Ce restaurant devient donc, pour notre chef, un lieu de rencontres et d’échange de savoirs ; l’occasion pour lui de transmettre aux autres sa passion et de "raconter sa petite histoire italienne" de façon simple et joviale.
Le voici entre autre avec deux « Pugliesi DOC », en photo, à gauche,  Monsieur Nico Cirasola et, à droite, Monsieur Alessandro Contessa, réalisateur et  producteur du film « Focaccia Blues », tous deux sont devenus de bons amis de Renato :
C’est d’ailleurs là aussi qu’il a fait la connaissance de Jean-Michel Zecca, animateur radio et télé, originaire de Gallipoli, qui lui proposa, il y a 15 ans, de parler de sa cuisine à la radio (Bel RTL) : "Jean-Michel fut le premier qui m’a donné l’opportunité de dire ce que j’avais à dire sur l’Italie à un grand public…". Et, de fil en aiguille, grâce à sa grande capacité d’orateur, Renato a été contacté par d’autres chaînes radio et télévision, par des groupes de presse pour écrire des chroniques et aujourd’hui, il produit même ses propres films avec Vincent Stuart de la société EK-TV.
Renato Carati est sans aucun doute LA référence de la gastronomie italienne en Belgique et en France. Mais, revenons-en à sa vie de restaurateur pour mieux comprendre cet aboutissement.

Sa Vie d’Aubergiste :
Renato aime se définir comme étant un "Aubergiste" et non un "Chef". En effet, il déteste ce mot : "ça me met mal à l’aise : j’ai l’impression que l’on anoblit une profession de manière exagérée. Le mot « Chef » est devenu un symbole de grandeur mais c’est faux". En revanche, il préfère de loin le mot « aubergiste » qui signifie être à la tête d’un restaurant au cadre intime et chaleureux et évoque aussi le fait de "savoir recevoir, d’être au service de quelqu’un".
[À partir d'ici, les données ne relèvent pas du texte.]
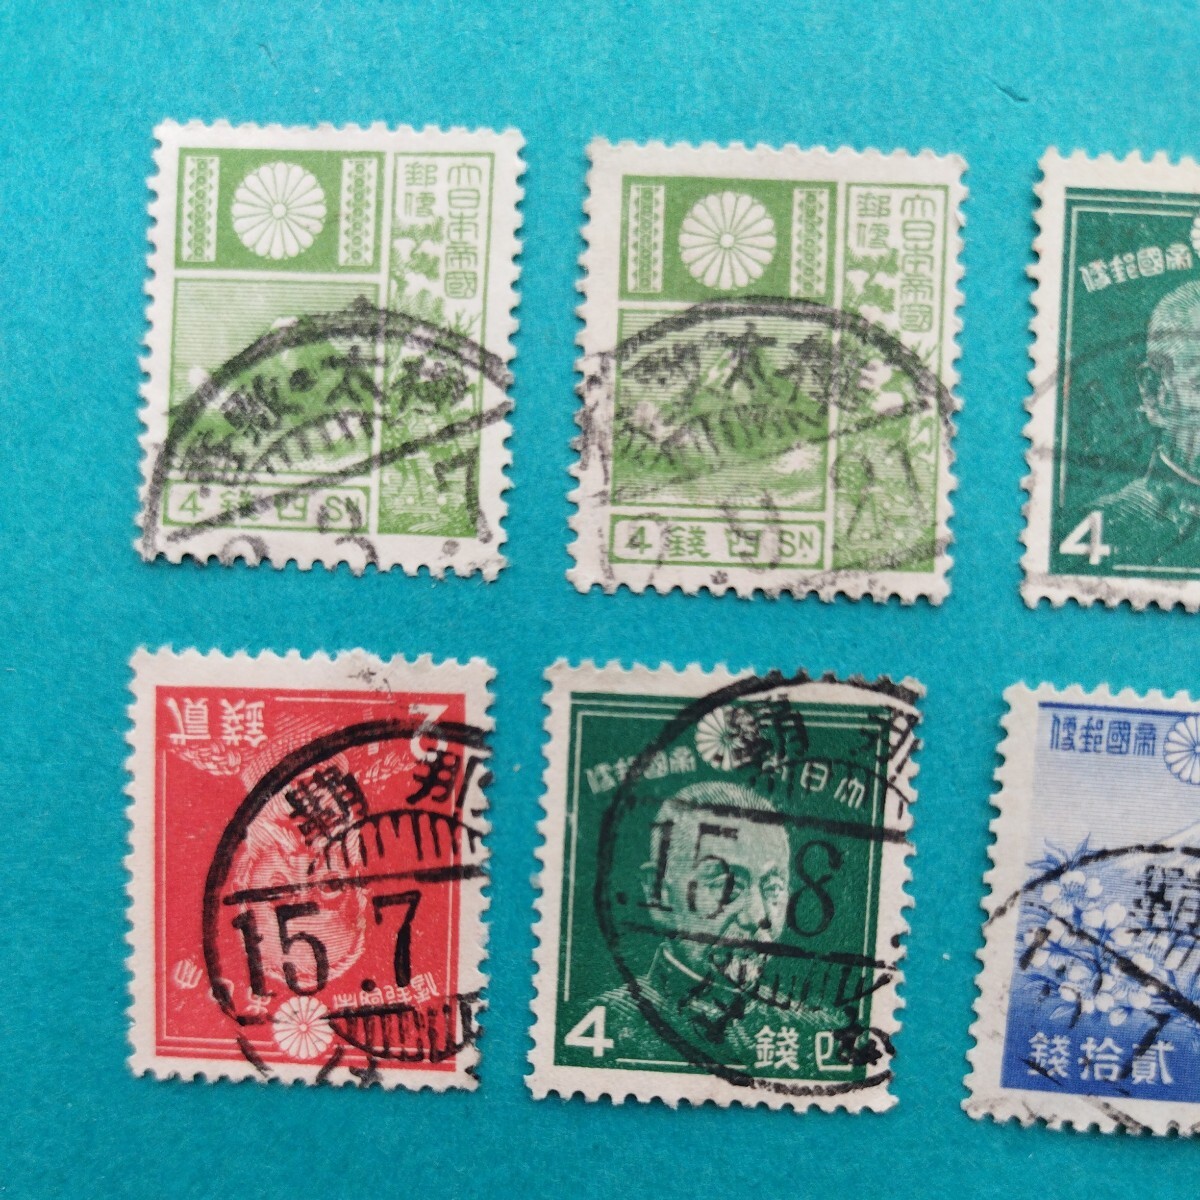 * Sakhalin(Karafuto) Okinawa . seal collection * Fujishika stamp Showa era stamp Sakhalin(Karafuto) *.... taking Naha 
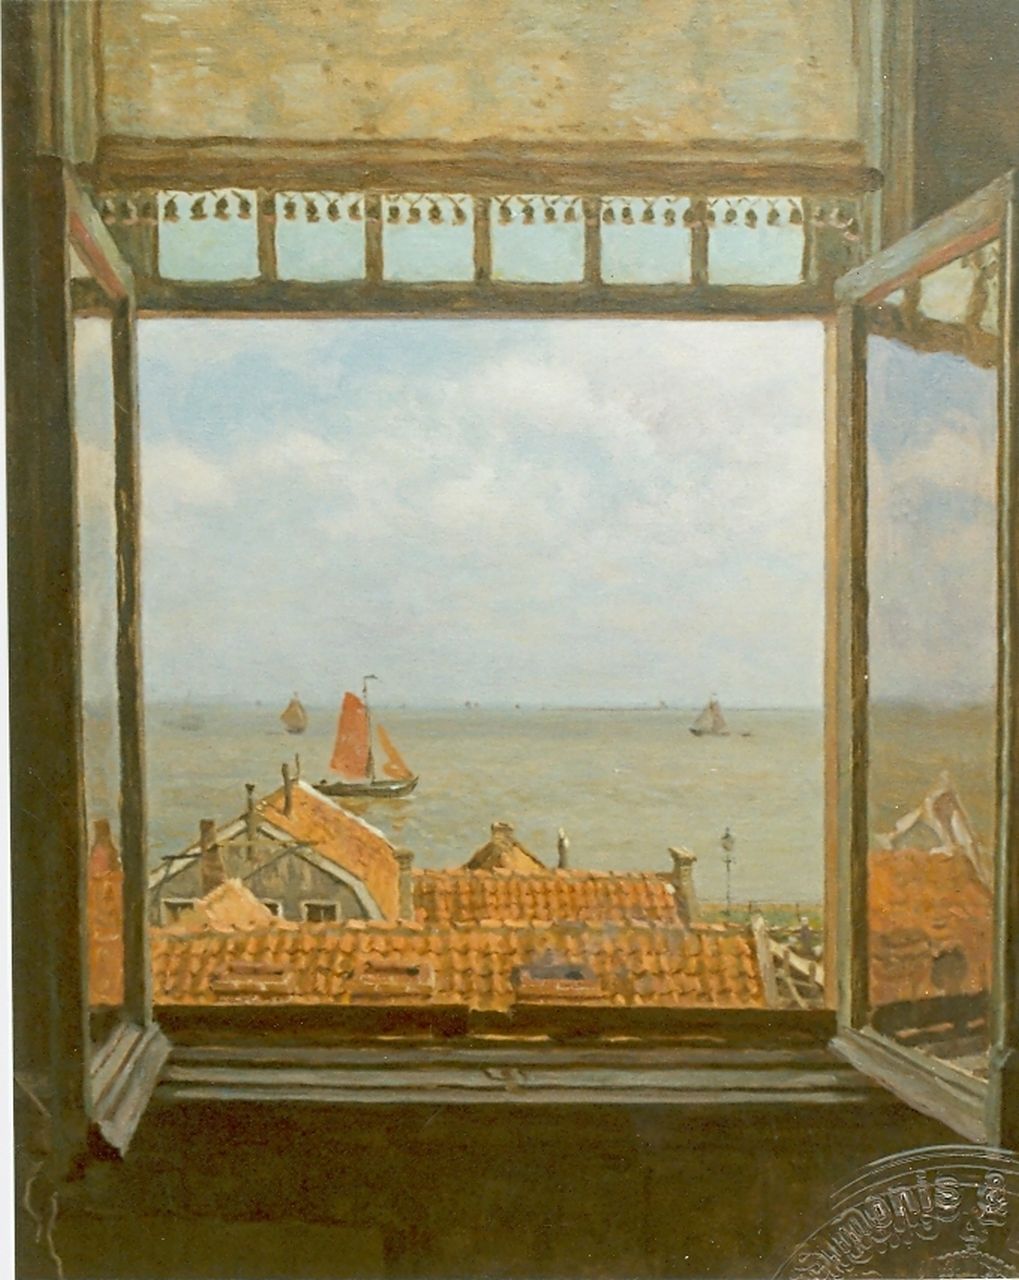 Tholen W.B.  | Willem Bastiaan Tholen, View of the Zuiderzee from Hotel van Diepen, Volendam, oil on canvas 70.0 x 58.5 cm, signed l.r.

La cuisine de « La Table des Matières » suit le rythme des saisons, le but de Renato est en effet celui d’offrir la bonne cuisine italienne mais aussi d’offrir un moment de culture italienne.  Il n’est donc pas question de menu fixe : ses mets peuvent aller de la « simple » pasta e fagioli  (pâtes et haricot) à un risotto plus élaboré aux coquilles Saint-Jacques et Truffe Noire. La carte du restaurant est rythmée au jour le jour par les produits, l’inspiration du moment et surtout par la personne qu’il y a au bout du plat. Quand on prend place dans ce resto-théâtre, le personnel ne vous demandera jamais ce que vous désirez manger : il vous demandera simplement combien de services vous souhaitez et si vous aimez manger de tout - "cela me permet d’apporter des choses que les gens n’auraient jamais mangé autrement", nous dit-il. Il s’active alors en cuisine, il crée, il sort en salle plat à la main, se présente lui-même aux tables et explique l’origine des matières premières, il les met en contexte, il en raconte l’histoire. Il lui arrive même d’organiser des soirées à thème sur telle ou telle région italienne et, lorsque le restaurant est plein, il demande aux gens de faire silence et "carte à l’appui, je commence à donner une petite leçon de géographie culinaire tout en expliquant humblement et dans la bonne humeur l’origine des produits que les gens ont dans leurs assiettes".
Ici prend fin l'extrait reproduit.